— Вообще-то приходили разные люди, но чаще всех трое. Один, я уже говорила, Маркел. Другой — высокий молодой человек в очках. Довольно симпатичный. Зовут его Игорем Николаевичем. Третий весь такой заграничный, но воспитанный — не пройдет, чтобы не поздороваться. Имени его ни разу не слышала. Но в интересующие вас дни я их не видела.
— Евгения Осиповна, вы не знаете, где сейчас находится жена Олега Григорьевича? — спросила Миронова.
— Галина Ивановна с Лидочкой улетела тридцать первого декабря утром в Ленинград, погостить у матери. Надо вызвать бедняжку.
— Это мы сделаем сами. Спасибо, Евгения Осиповна. Возможно, мы еще раз потревожим вас.
Евгения Осиповна взглянула на труп и сокрушенно покачала головой.
— Не надо оставлять мужей без присмотра. Вот к чему это приводит.
— Скажите, Евгения Осиповна, Олег Григорьевич давно делал ремонт квартиры? — спросил я.

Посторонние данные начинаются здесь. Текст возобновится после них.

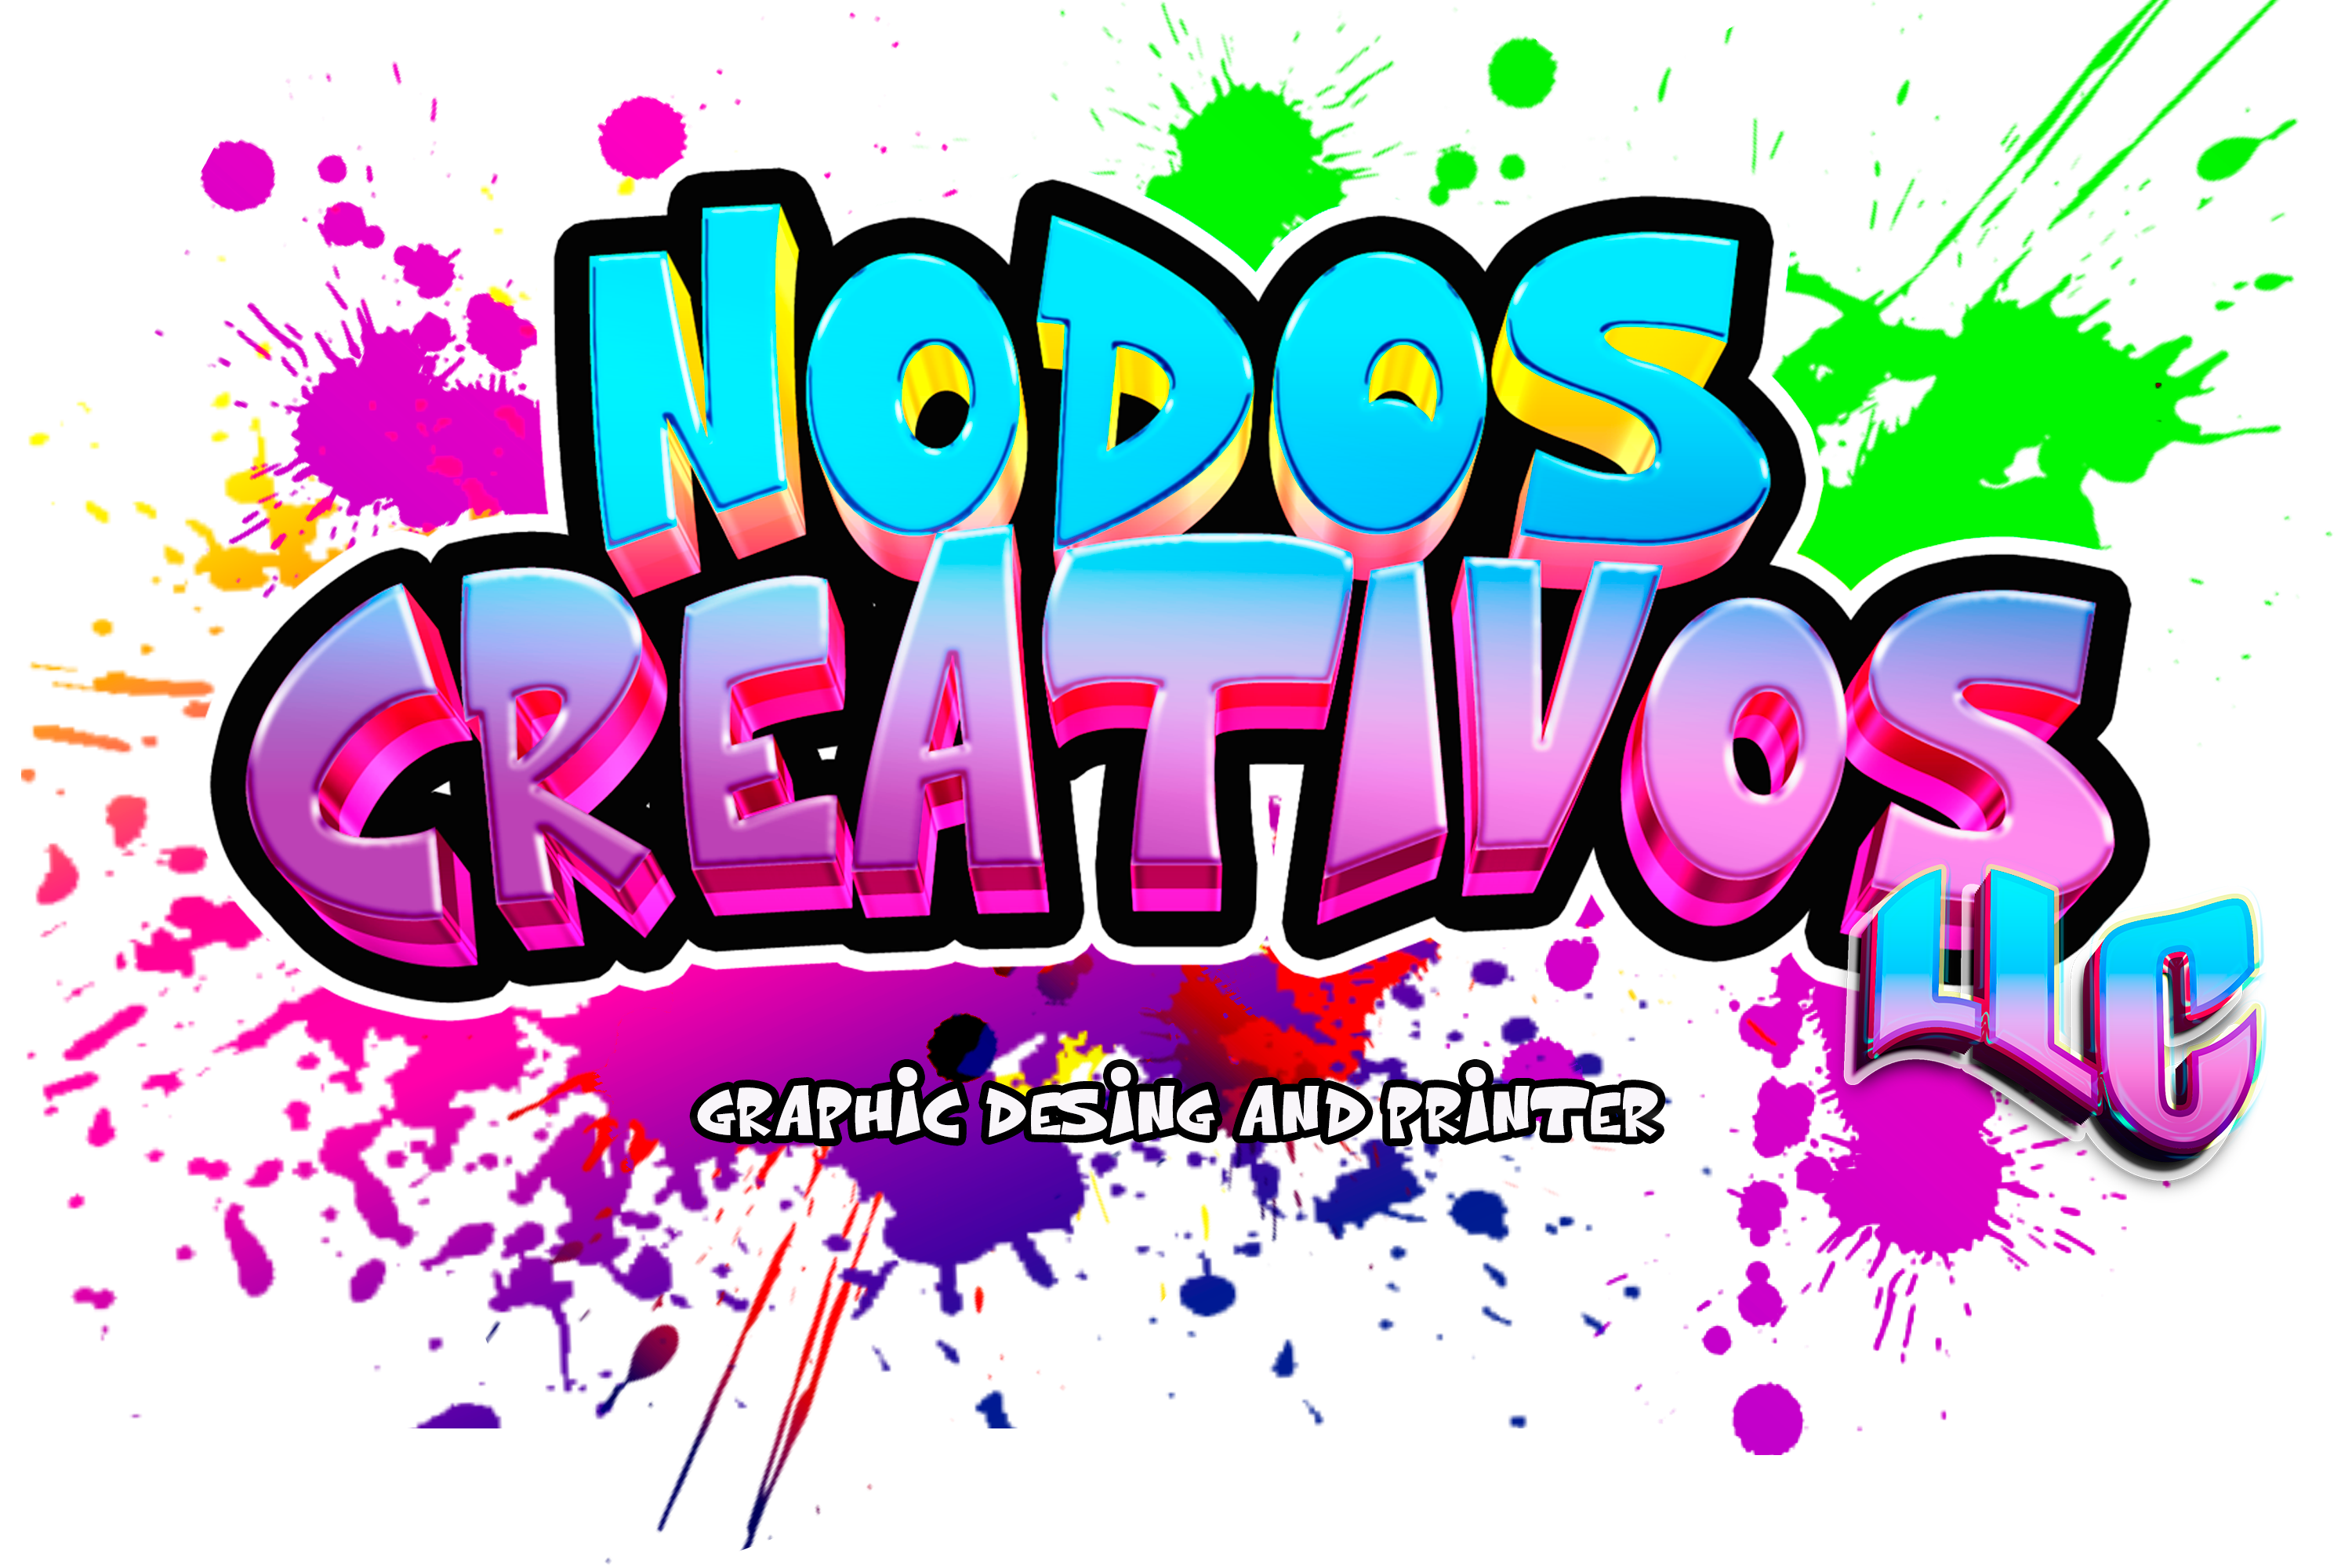 Nodos Creativos

— Позапрошлой осенью, — ответила она.
— Спасибо, Евгения Осиповна, — сказала Миронова и обратилась к Хмелеву: — Проводите, пожалуйста, Евгению Осиповну.
Хмелев кивнул. Мне бы он сказал свое любимое «Понял» — дескать, понял, что его усылают продолжать опрос соседей убитого.
— Итак, судя по кровоподтеку, сопротивлялся, — сказал доктор Никитин, как только Евгения Осиповна и Хмелев ушли. — Его стукнули по голове…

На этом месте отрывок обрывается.